Колыму, литера ТД - троцкистская деятельность, - понятно, что это такое? И

вот когда ко мне пришла его жена, такая тоненькая, беленькая, в кудряшках,

видать, хохотунья, заводила, я посмотрел на нее и сказал - не-не-не! не по

обязанности, не мое это дело, а так, по-доброму, по-хорошему: " Выходите-ка

вы, дорогая, замуж. А с разводом поможем". И знаешь, что она мне ответила:

" А что вы с моим вторым мужем сделаете? " И ушла! Ушла, и все.

Он замолчал.

- И все? - спросил Яков.

- Все до точки, брат. А через день рано утром мне позвонили...

Он снова замолчал и молчал так долго, что Яков спросил:

- Ну и что?

- Ничего! Нашли ее рано утром на 60-м километре, где-то возле

Валахернской, под насыпью. Тело изломало, изрезало, а голову отбросило в

кусты. Мне фотографию принесли. Стоит голова на какой-то подставке,

чистая, белая, ни кровинки, ни капельки, стоит и подмигивает. Вот тогда

меня как осенило. " Вот какую мне надо! Ее! С ее смешком и кудряшками! Но

где ж мне такую взять? Разве у нас на наших дачах такие водятся? " Да, вот

так я, брат, подумал, и стало мне очень невесело.

- Но ты ведь сам сказал, что пишешь, - робко напомнил Яков, - и что

компания есть, друзья, женщины. Так неужели они...

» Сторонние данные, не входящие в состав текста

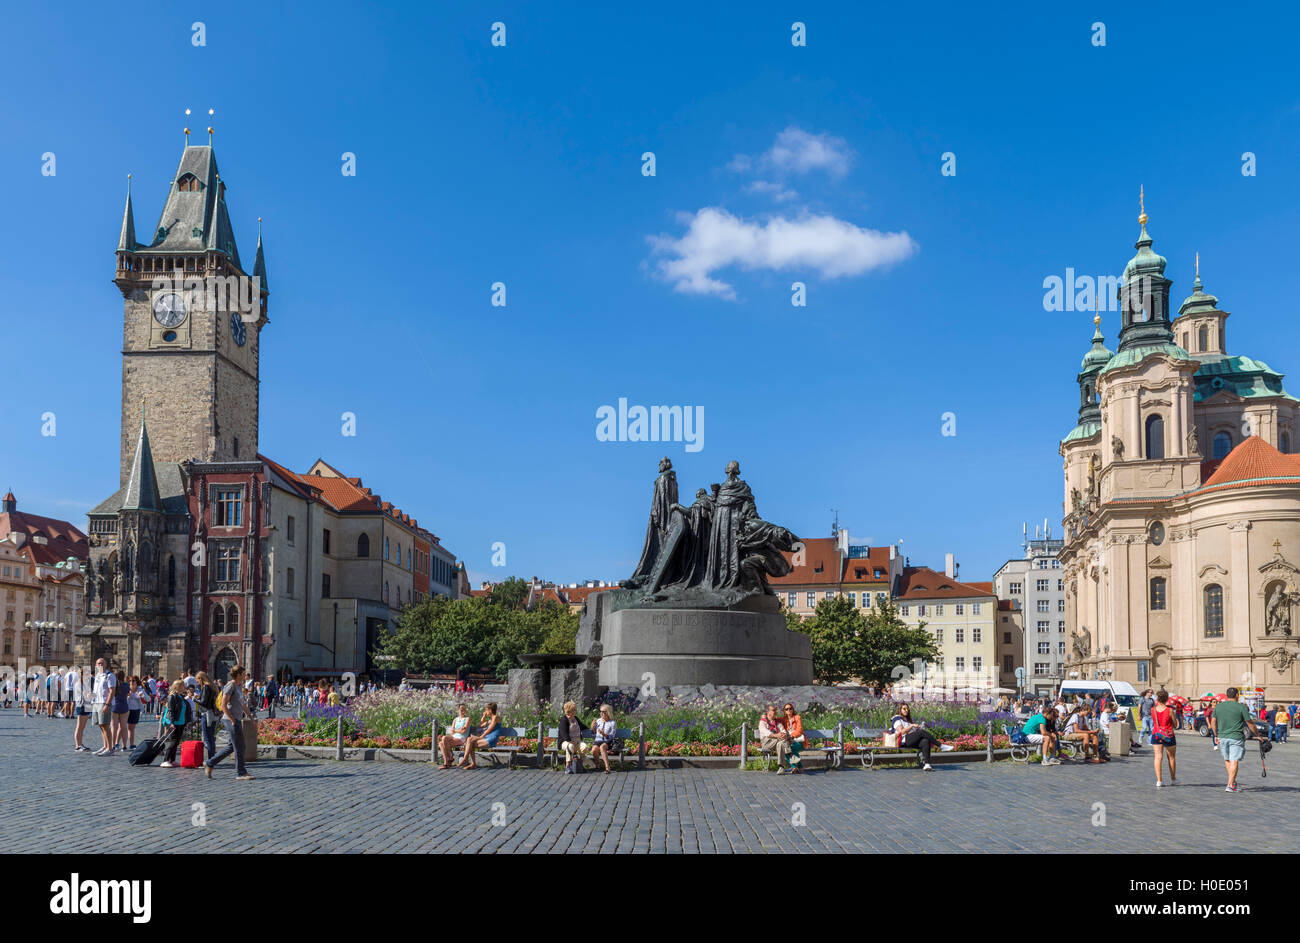 Old Town Square (Staroměstské náměstí), with Old Town Hall, Jan Hus statue and St Nicholas' Church, Staré Město, Prague, CZ Stock Photo

- Ну вот и понял ты меня, - скорбно улыбнулся Роман, - как есть все

понял! Пишу! Я пишу, а ты вот монеты собираешь, - крикнул он вдруг, - ты

вон ведь сколько их насобирал! Ученым хотел стать, да? Так что ж не стал

ученым-то? А? Что помешало? Почему ты не этот самый... как его? Не

нумизмат, а? Что тебе помешало?

- Постой, постой, это-то к чему? - по-настоящему растерялся Яков. - Ну,

когда учился на историческом, я собирал монеты, а потом...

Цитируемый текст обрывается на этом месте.